The response came more slowly. “Yes, sir.” The eyes narrowed and looked away as she added, “No harm done, I’m sure, sir.”
“Right. That’s enough pussy-footing about, Rose. I want you to tell me what exactly was not normal about that room when you did it out. I have to tell you that Ben and I inspected it last night. I’m pretty sure I know what went on in there—I would be interested to hear your confirmation. And—hear this, Rosie—I usually work in the stews of East London. You can say nothing that could possibly shock me.”
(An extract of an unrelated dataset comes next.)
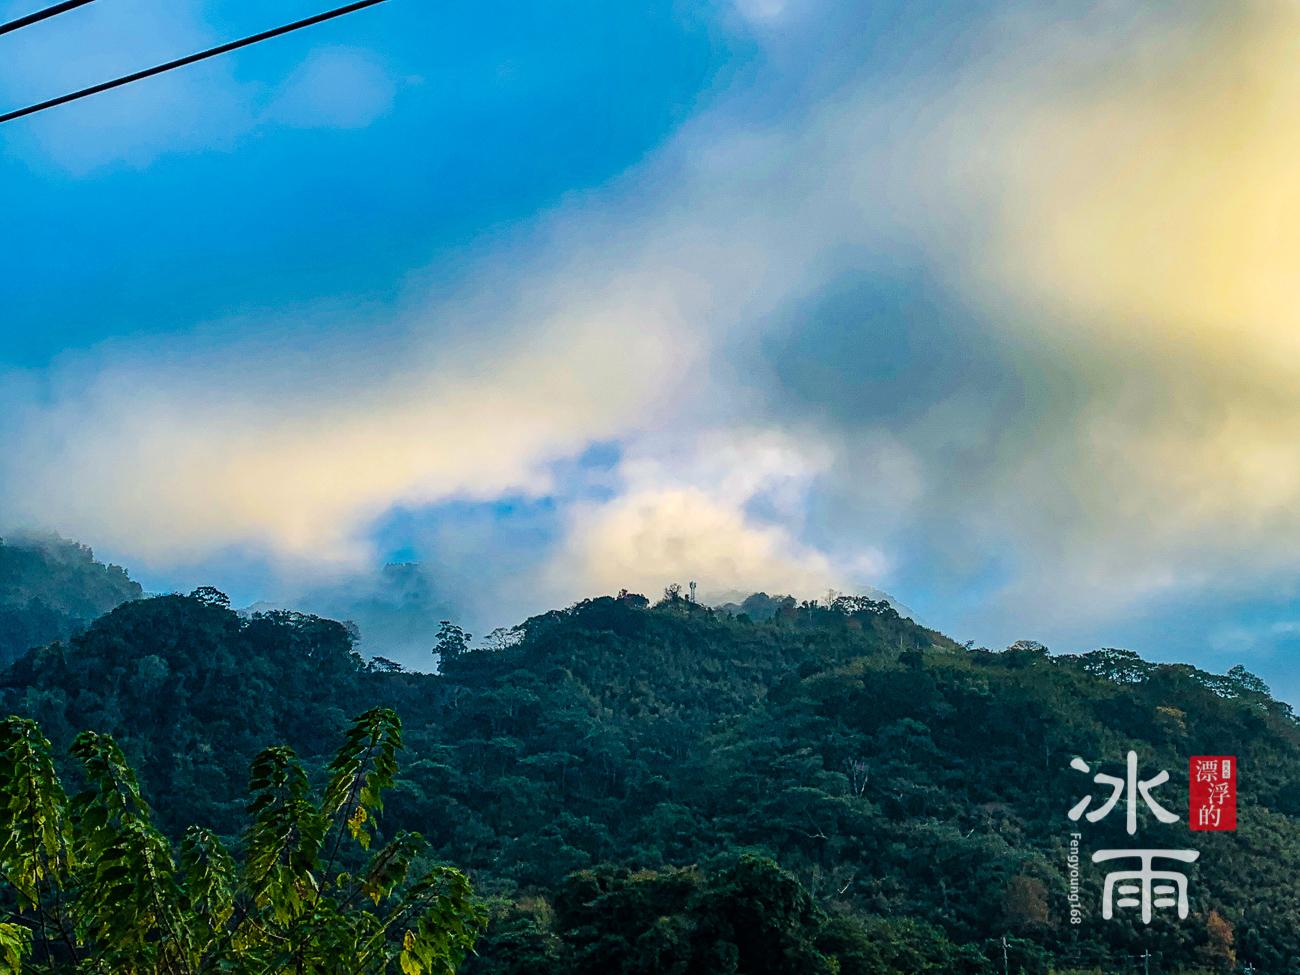 獅山古道|獅頭山風景區|路上風景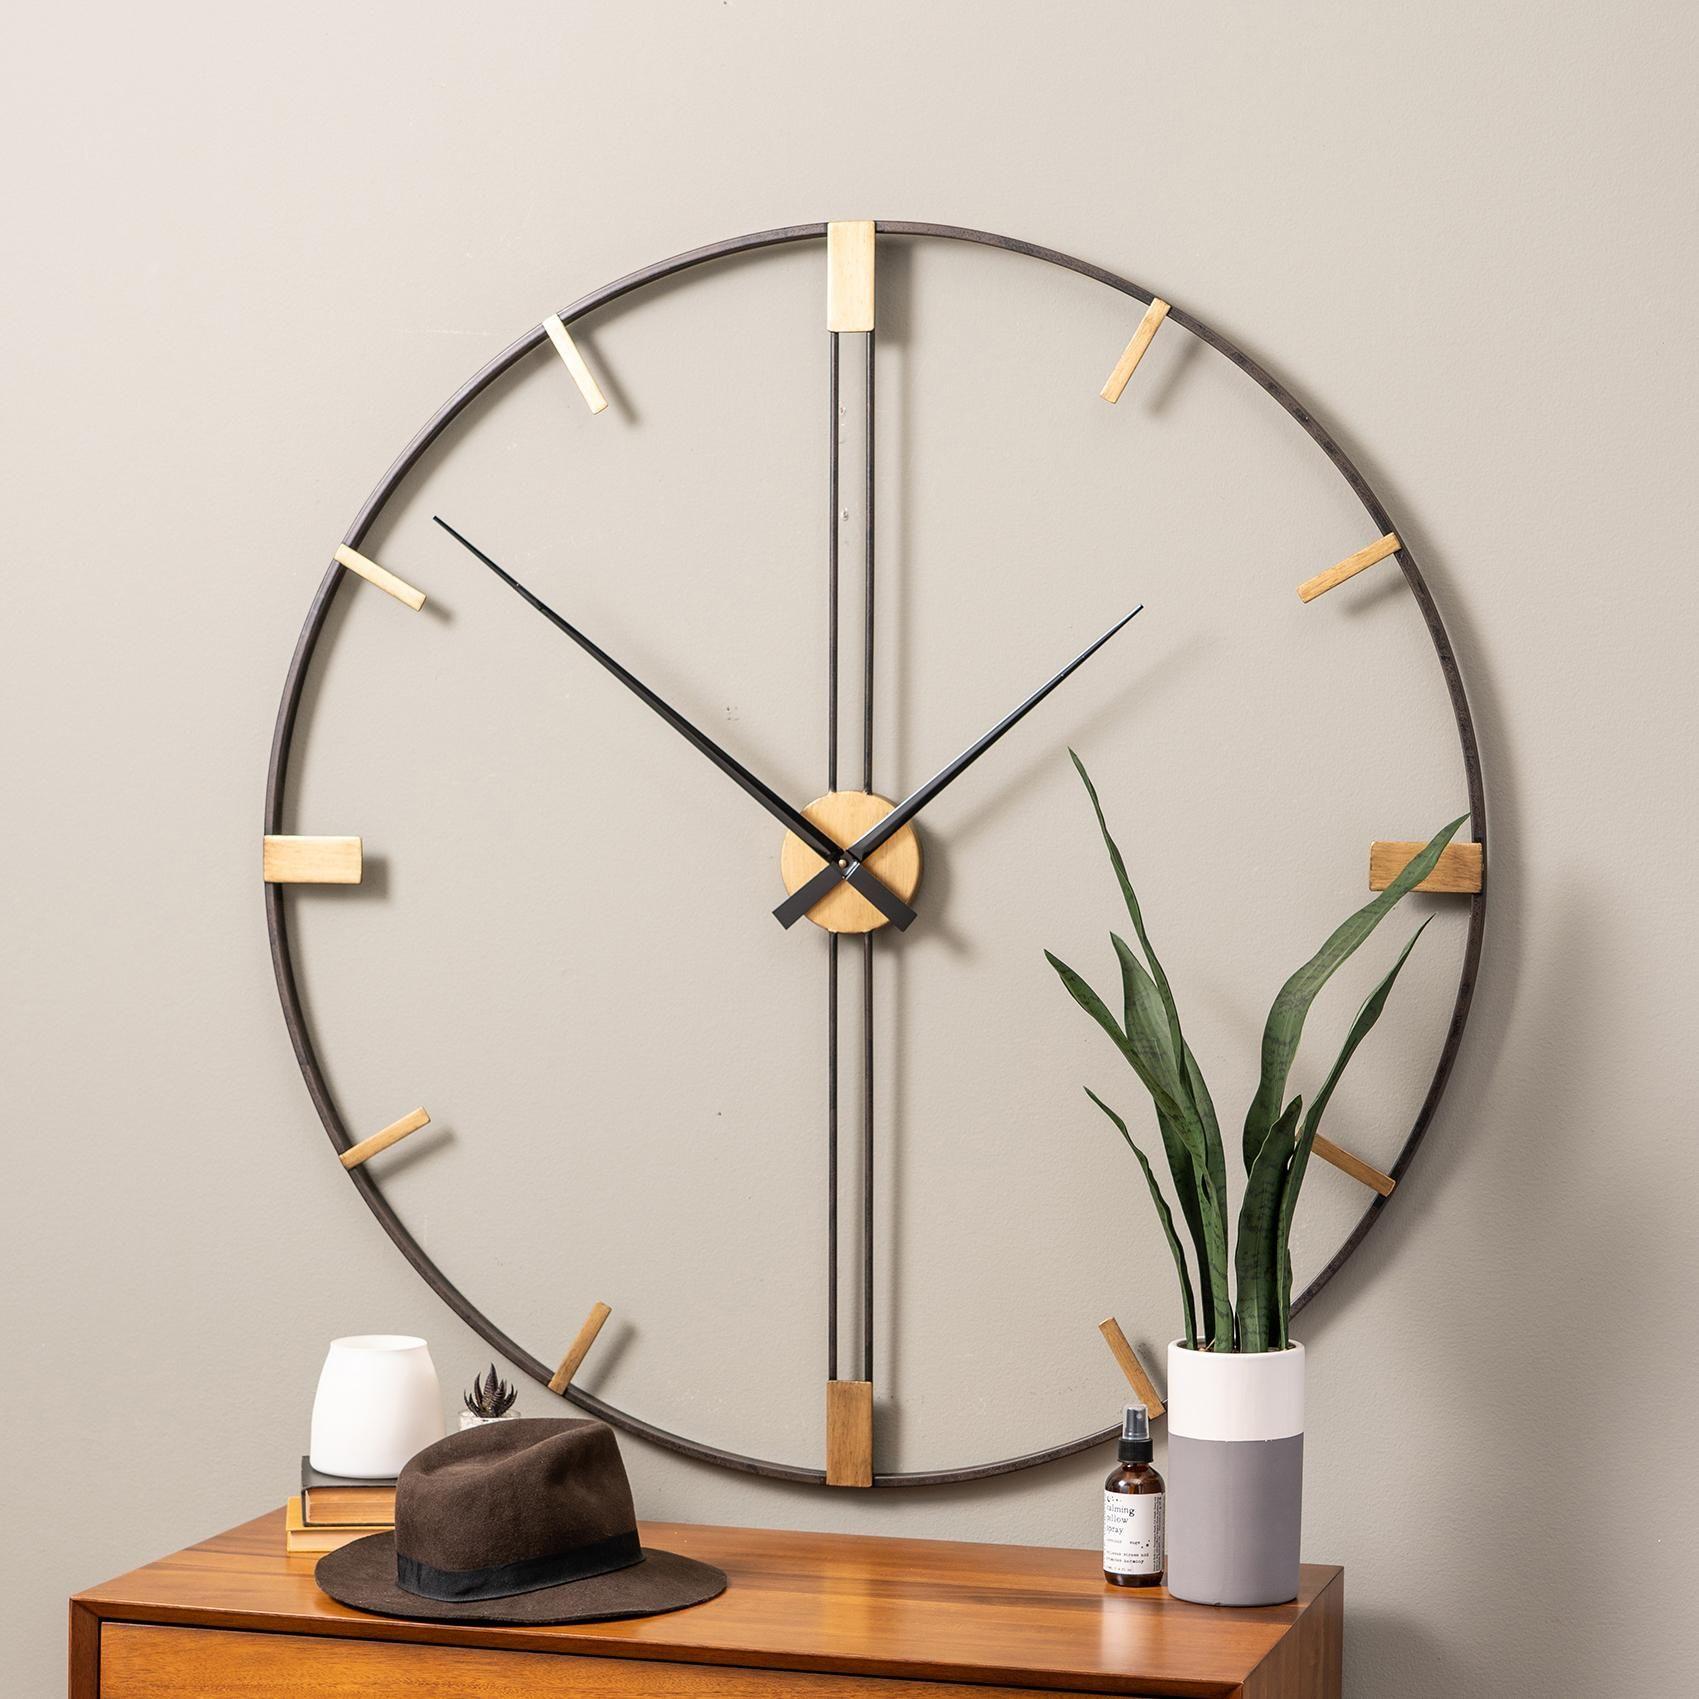 Clocks Camden 41 Wide Black And Gold Modern Open Wall Clock In 2020 Mid Century Modern Wall Clock Wall Clock Clock Wall Decor

He listened to her brief account. She wasted no time on unnecessary detail or speculation and he realised that she’d rehearsed this speech in her mind before delivering it. She’d clearly been concerned and remained puzzled by what she’d discovered. Joe, on the other hand, believed he now had a clear idea of what had gone on that April night. He allowed himself a grim smile. For possibly the first time ever in what had been a seven-year struggle with Dorcas, he thought he had the advantage of her. What would she choose to feed him? Truth or lies?
“Rosie, your information is secure with me. Thank you for your openness and your clarity. I’ve heard less concise speeches from King’s Counsel in court at the Old Bailey!”